Description of the task ▸ Pictures aside, return every line below exactly as written.

== Raw data

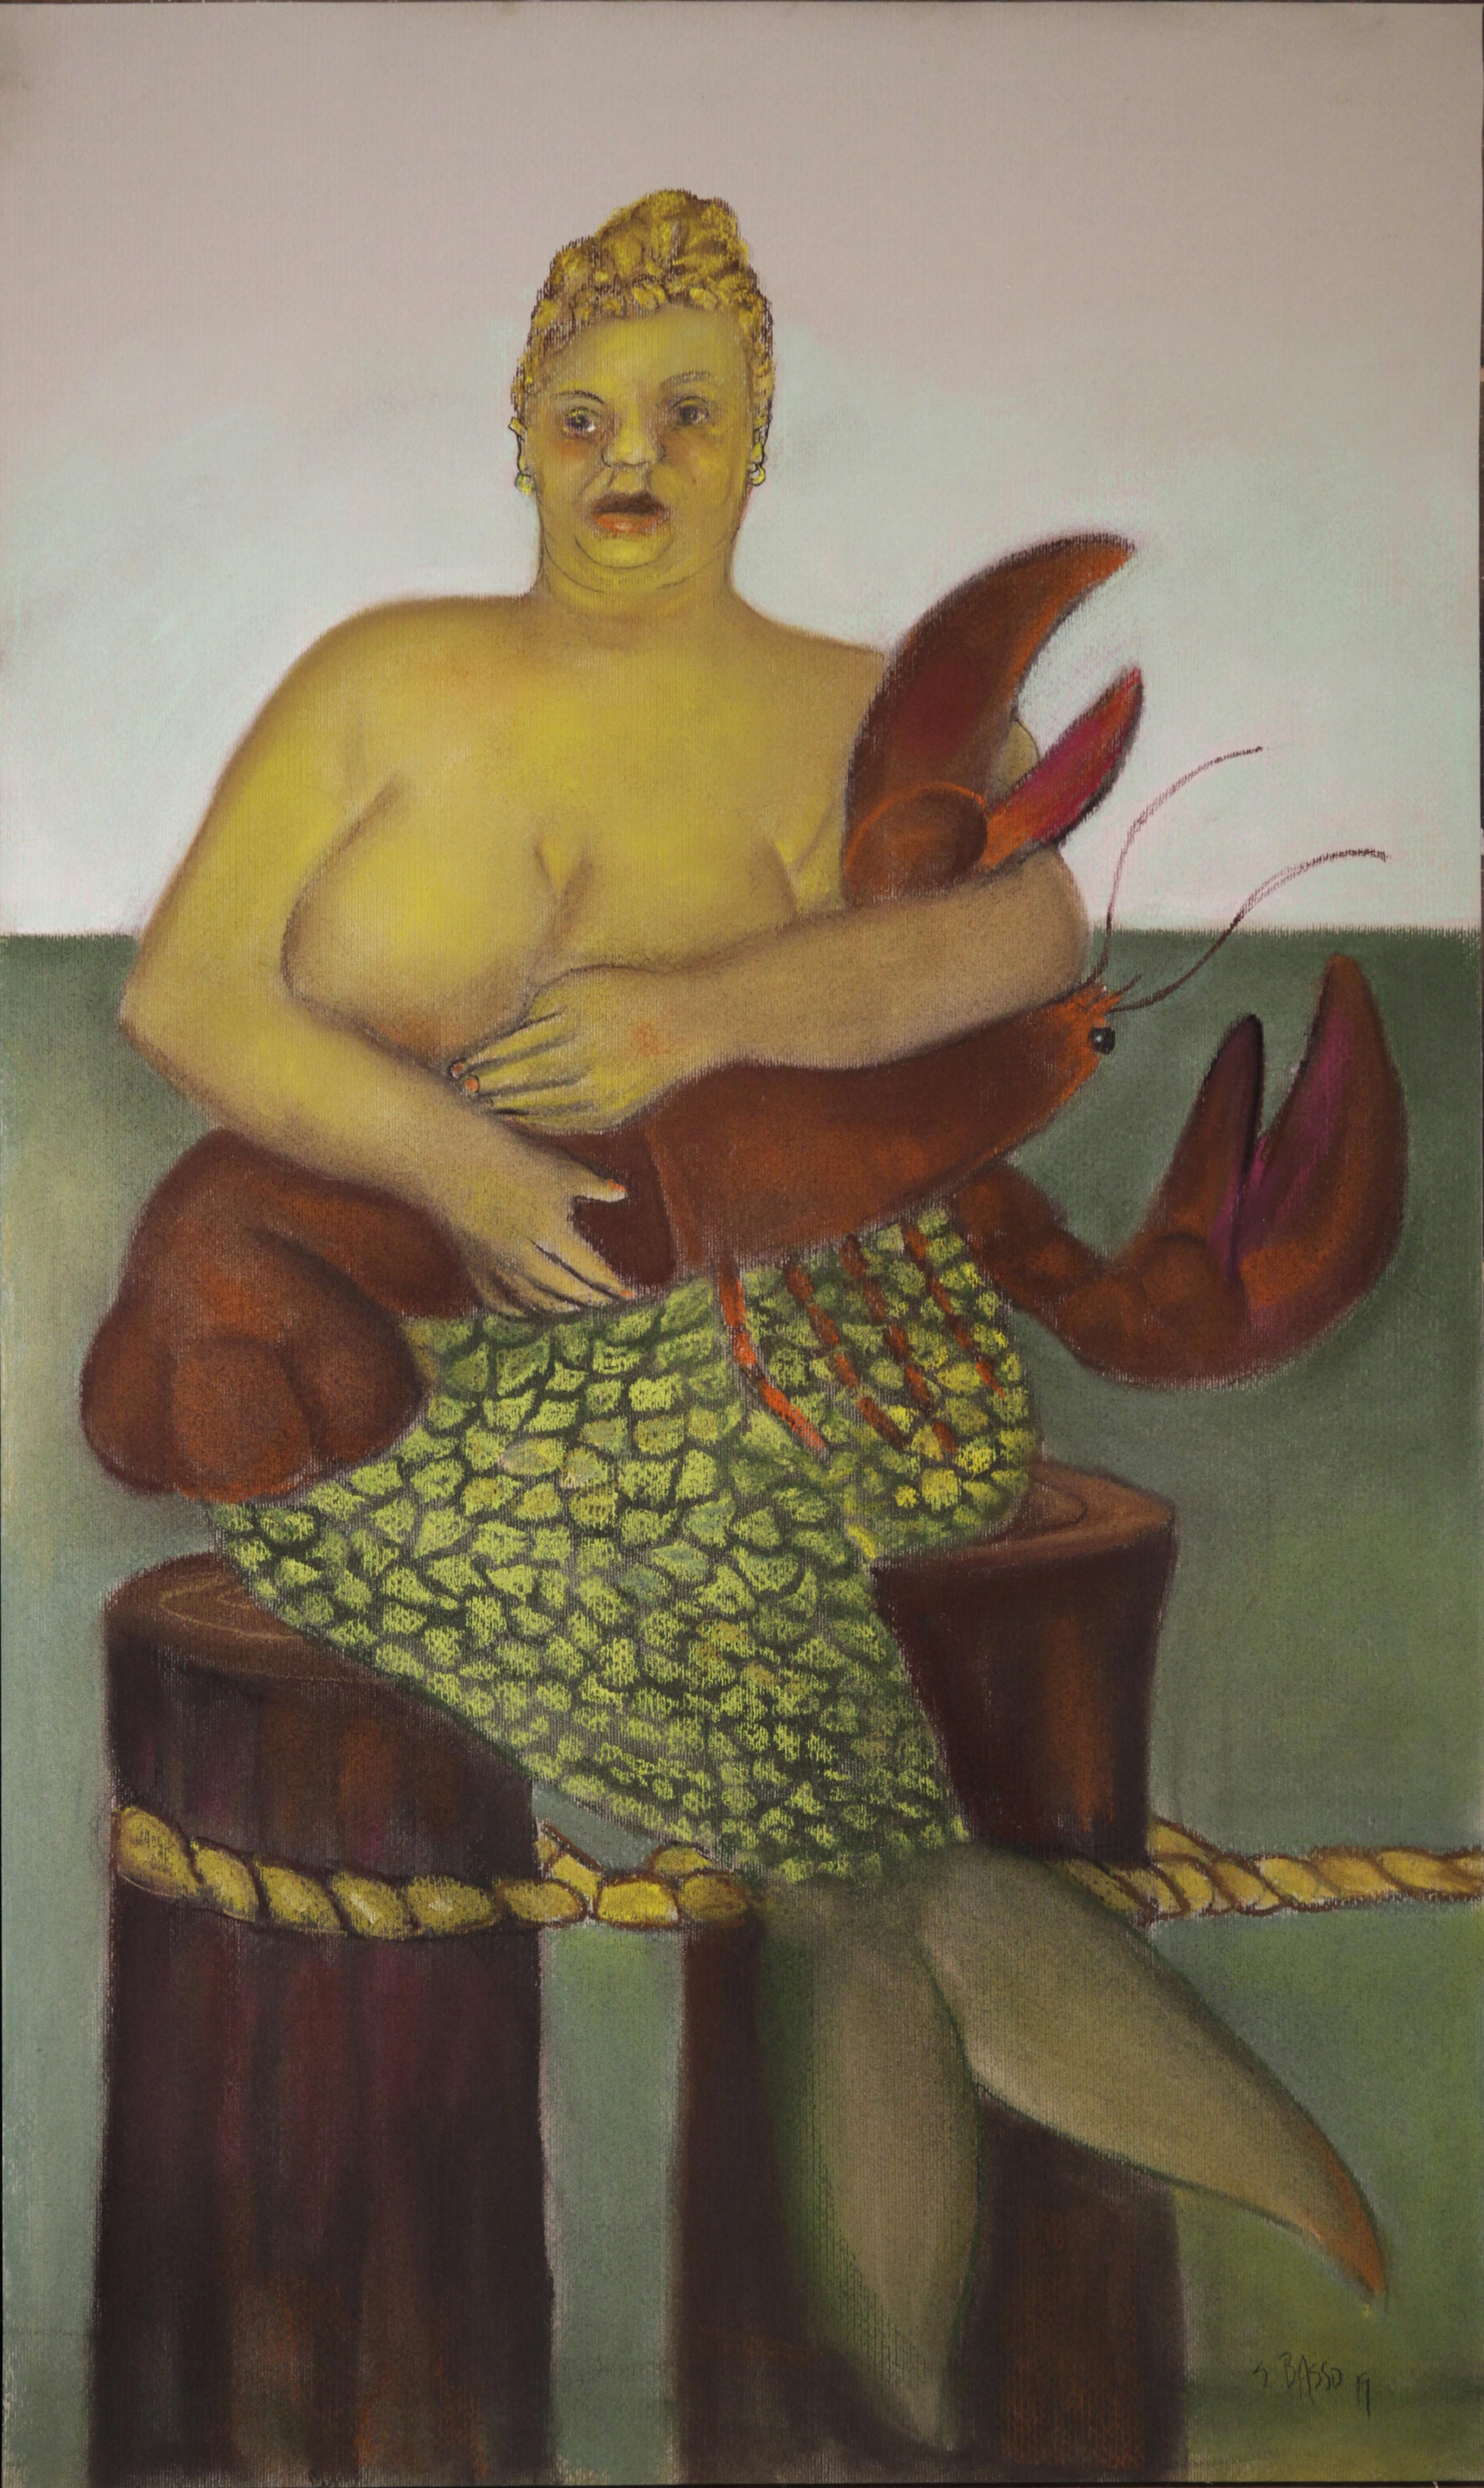 Stephen Basso Animal Art - Red Hook Mermaid, colorful pastel on toned archival paper, mythology w/ lobster
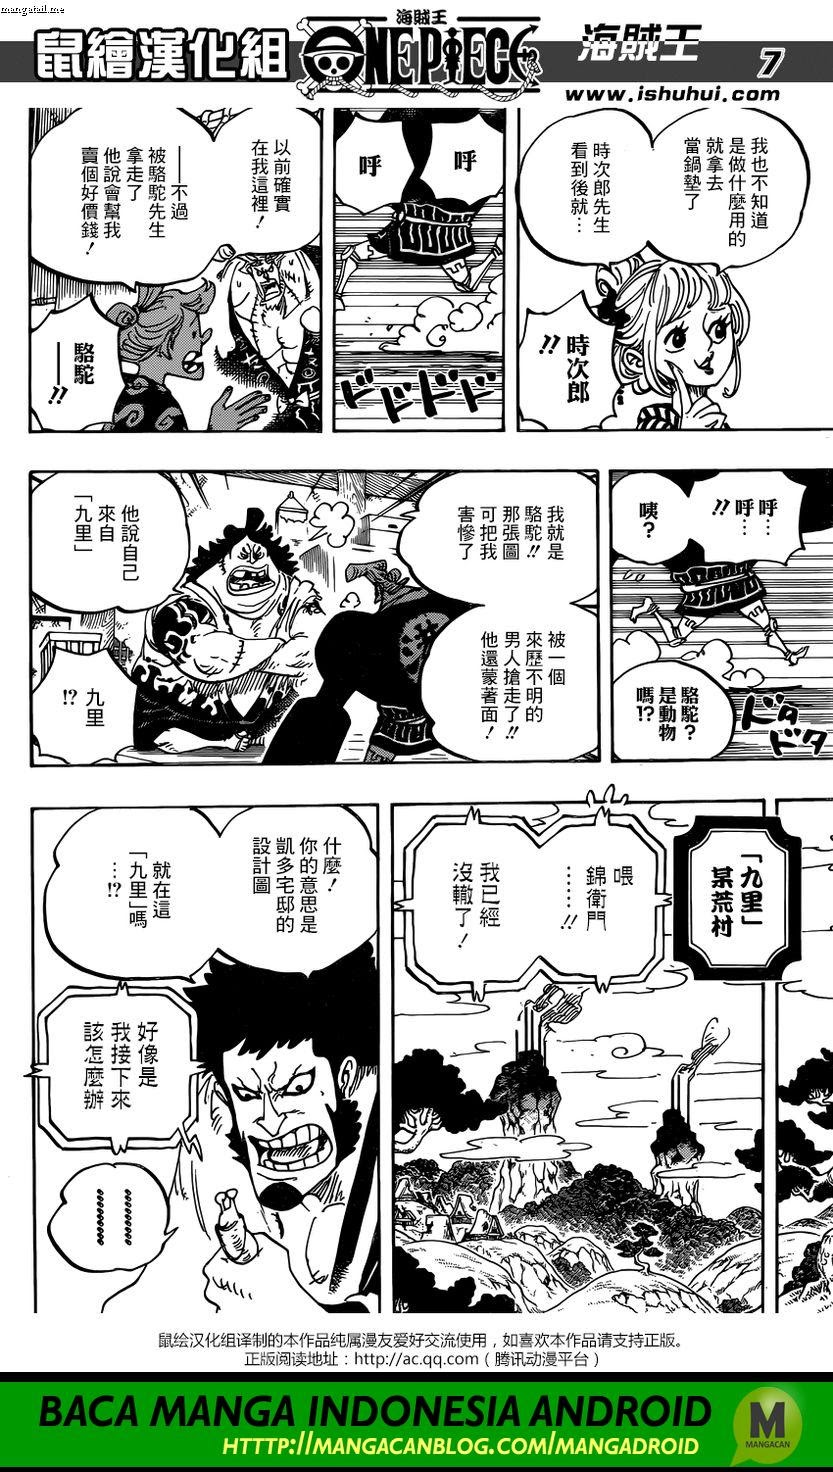 One Piece Chapter 928 – Raw - 103
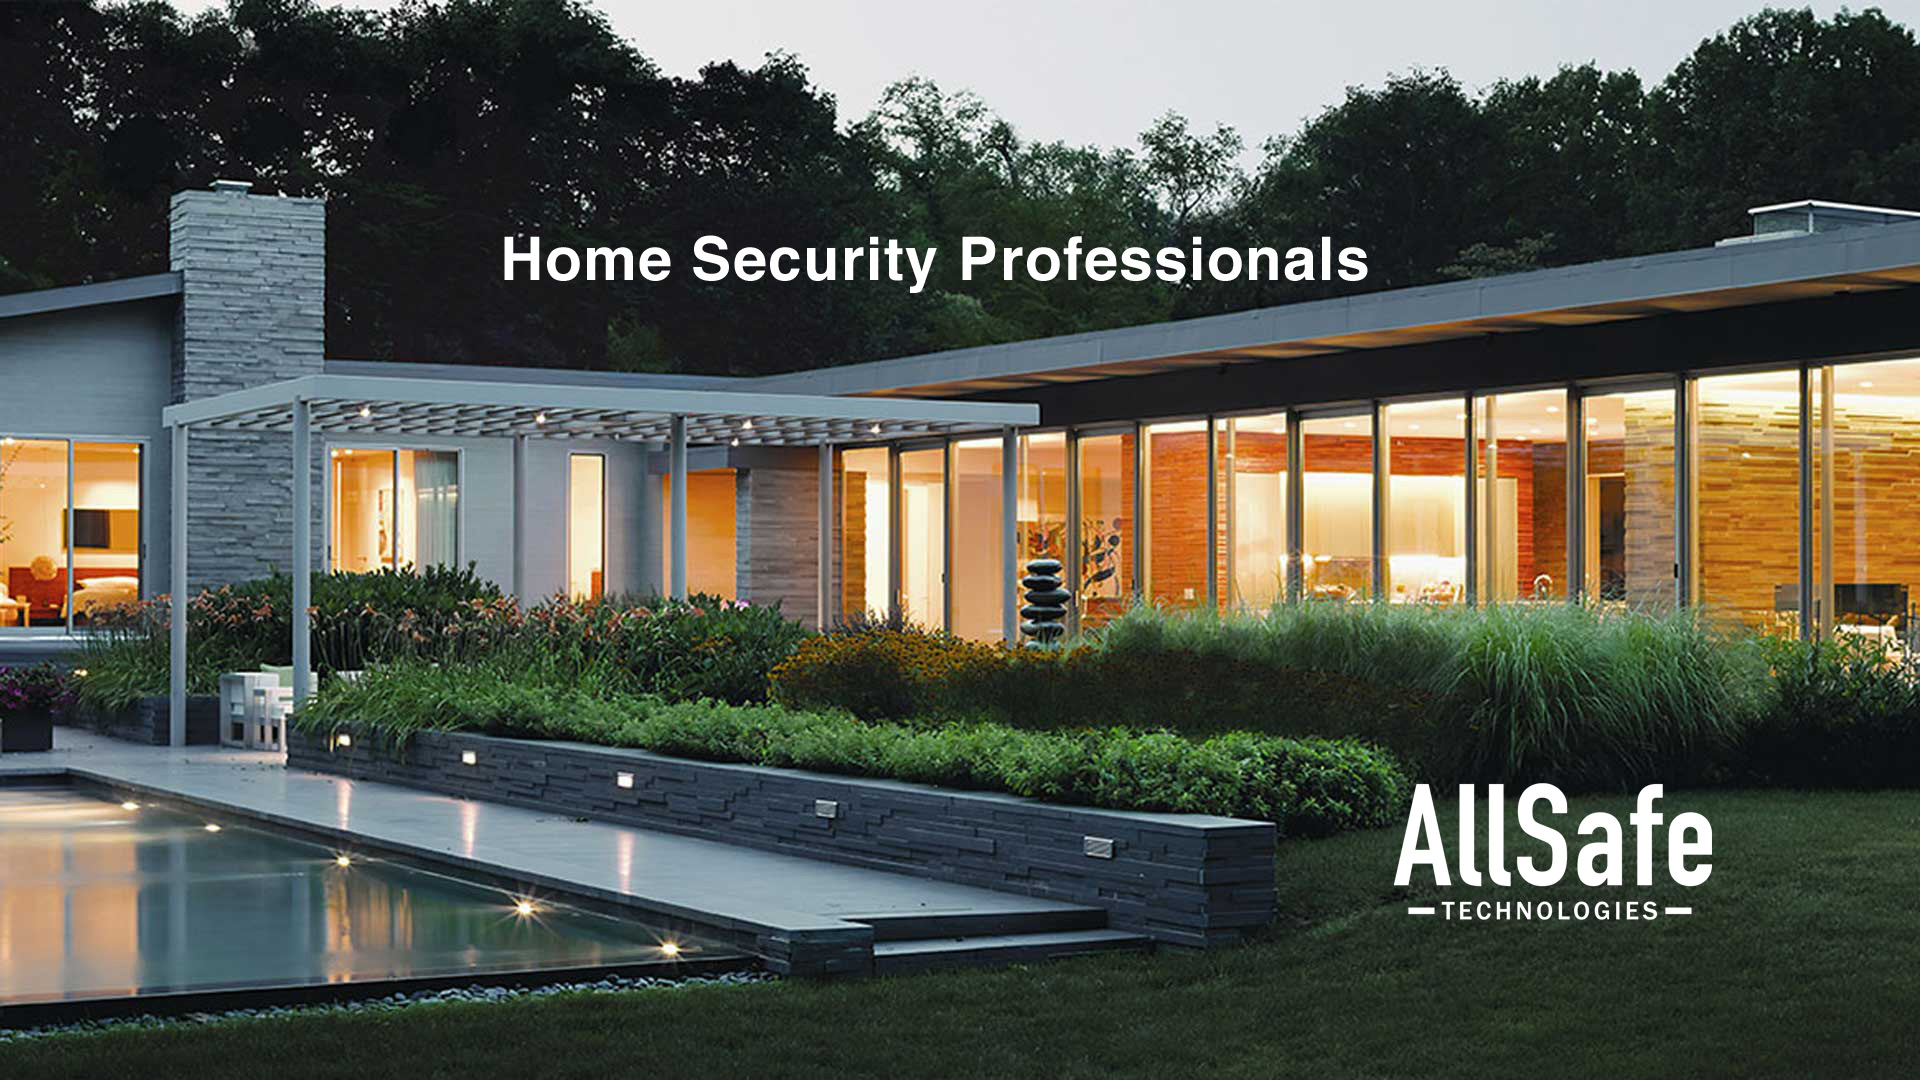 Home Security Professionals

====

Result of this exercise ▸
 Stephen Basso Animal Art - Red Hook Mermaid, colorful pastel on toned archival paper, mythology w/ lobster
 One Piece Chapter 928 – Raw - 103
 Home Security Professionals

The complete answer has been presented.